Open Source Database Schemas

12 August 2018

While the foundational protocols for the internet like TCP/IP and UDP were developed in the mid to late 1970s, it wasn’t until the early 1990s when HTTP and the modern web browser took shape that the technologies began to coaelsce into something the world was able to adopt en masse.

The “world wide web” offered an easy and inexpensive way to distribute and access information at levels that were never before possible. Fundamentally, the system is made up of “Servers” that make information and applications available for “Clients” to consume and interact.

But while traditional protocols like HTTP have offered access for everyone in the world to find information and interact with applications, ownership of the data is still heavily centralized with a limited number of organizations, as network effects and economies of scale encourage power law distributions where a select few massive winners comprise most of the market. This is demonstrated in Google’s ability to serve as the world’s best demand fulfillment engine, Amazon’s ability to sell you anything, and Facebook’s ability to connect anyone. As they extend their lead in servicing your demands, they attract more users and information and are able to continuously reduce their unit costs.

Because we expect any organization to act in its own self interest, we would thus expect that this massive centralization of data will lead Facebook, Apple, Amazon, etc… to create moats to ensure they remain the sole provider of this data, which only serves to reinforce their dominance. We’ve already seen this play out, as virtually all of the largest companies in the world are now software companies (this trend will continue):

Largest US Companies by Market Cap (2018)

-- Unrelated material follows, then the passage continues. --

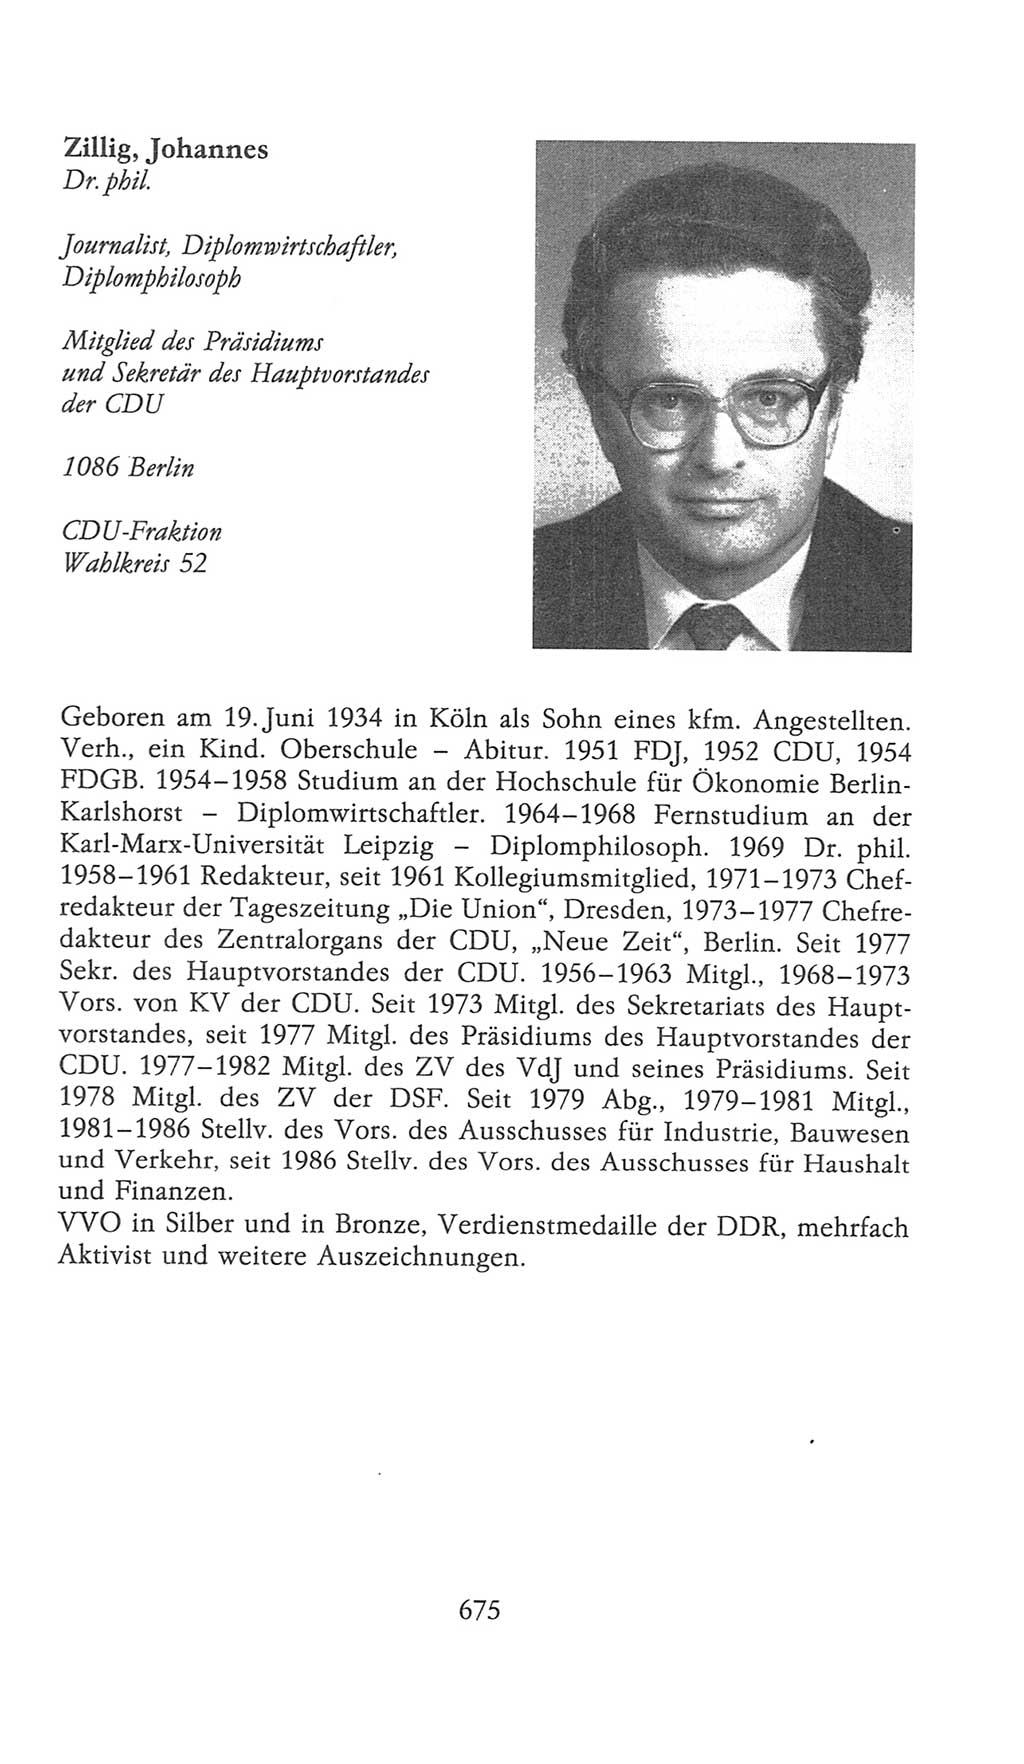 Volkskammer (VK) der Deutschen Demokratischen Republik (DDR), 9. Wahlperiode 1986-1990, Seite 675 (VK. DDR 9. WP. 1986-1990, S. 675)
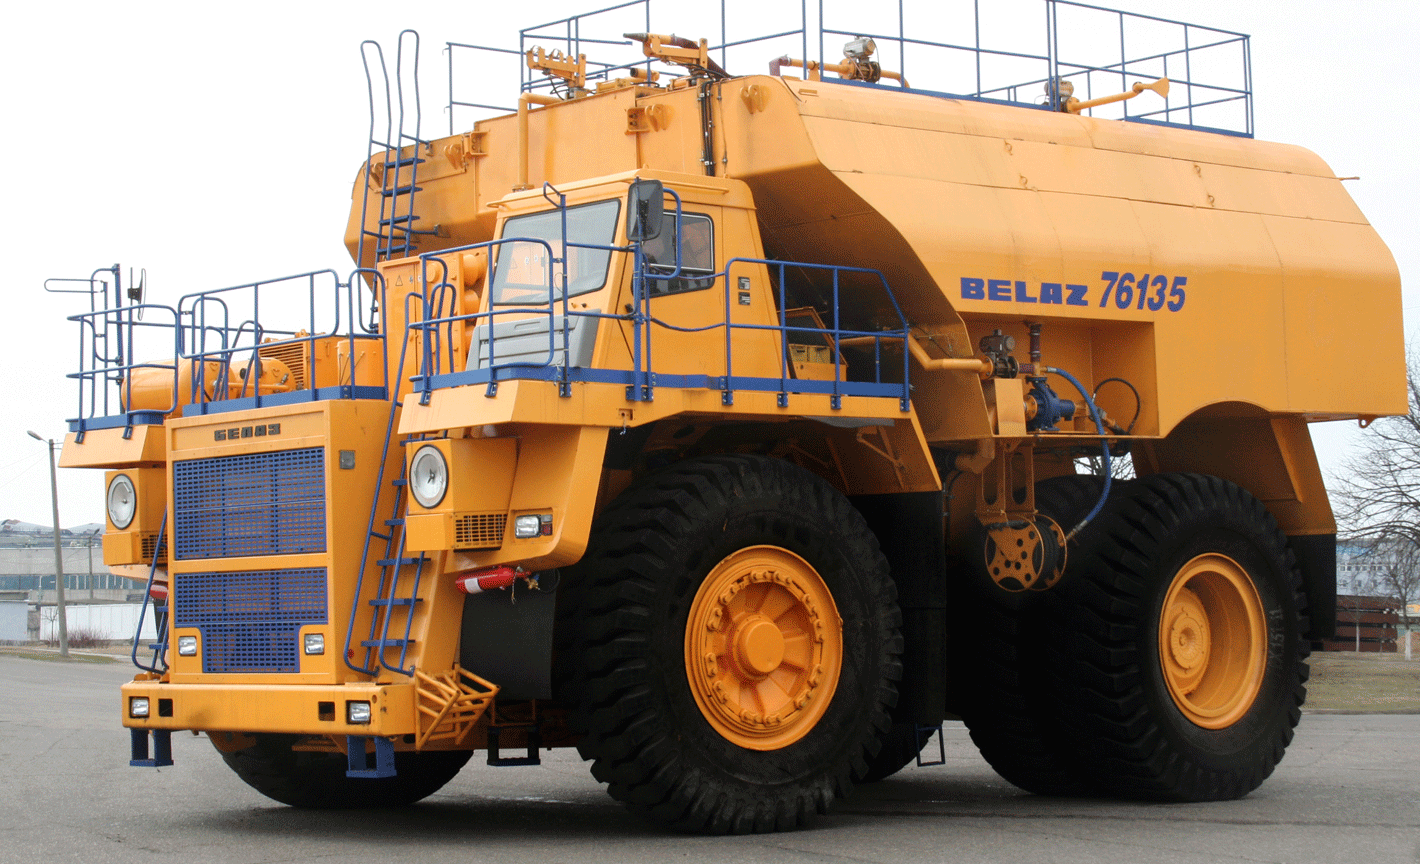 BELAZ-7613 water sprinkling vehicles

Rank	First Quarter	Second Quarter
1	Apple $851M	Apple $909M
2	Alphabet 717M	Amazon 824M
3	Microsoft 702M	Alphabet 774M
4	Amazon 700M	Microsoft 757M

The Reality of Centralized Data

As Peter Thiel likes to say, competition is for losers. While this is certainly true from the lens of the monopolist, how does this perspective affect the rest of us?

Unsurprisingly, it doesn’t work out very well for us. One recent example demonstrating the possible negative externalities of centrally controlled data is the 87 million Facebook users who unwittingly provided personal information that was allegedly used to gerrymander the most recent presidential election.

Another glaring example is the recent interaction between Epic EHR (and billionaire) CEO Judy Faulkner and former Vice President Joe Biden discussing Biden’s Cancer Moonshot initiative. When Biden asked how he might export his full medical record from a platform like Epic, Faulker responded:

Why would you want your medical records? They’re a thousand pages, of which you'd understand 10...

To which Biden responded:

None of your business! And if I need to, I’ll find someone to explain them to me and, by the way, I will understand a lot more than you think I do.

These aren’t the only issues surrounding the centralized data structures of the internet as it exists today. The network layer of the internet is also centralized, which means governments or other bad actors can intervene and disable internet access for entire nations by severing one or a select few network hubs. This played out during the Arab Spring where governments censored free speech and suppressed anti-incumbency by disabling access to a number of social media applications like Twitter & Facebook.

These examples are representative of the hazards related to monopolies and centralized data, power, and control. How can we be sure that government agencies, corporate CEOs and board members have our best interests in mind when it comes to our personal data and access to digital services?

Crypto & Data Sovereignty

New cryptographic protocols and their corresponding token economies have the potential to provide the necessary framework and incentive structures for individuals to take control over their data.

There are protocols under development today like Protocol Labs’ Interplanetary File System (IPFS) and InterPlanetary Linked Data (IPLD) that will enable the transition from a centralized web to a distributed network of information and services – where data exists independently of centrally controlled web servers and is not accessed through one single address but through a distributed network of nodes that store and serve information.

What’s more, we can easily encrypt and authenticate data by signing it using digital signatures. This method is superior to the security model of the web where technologies like TLS only encrypt the connection between peers, but do not encrypt or authenticate the data itself.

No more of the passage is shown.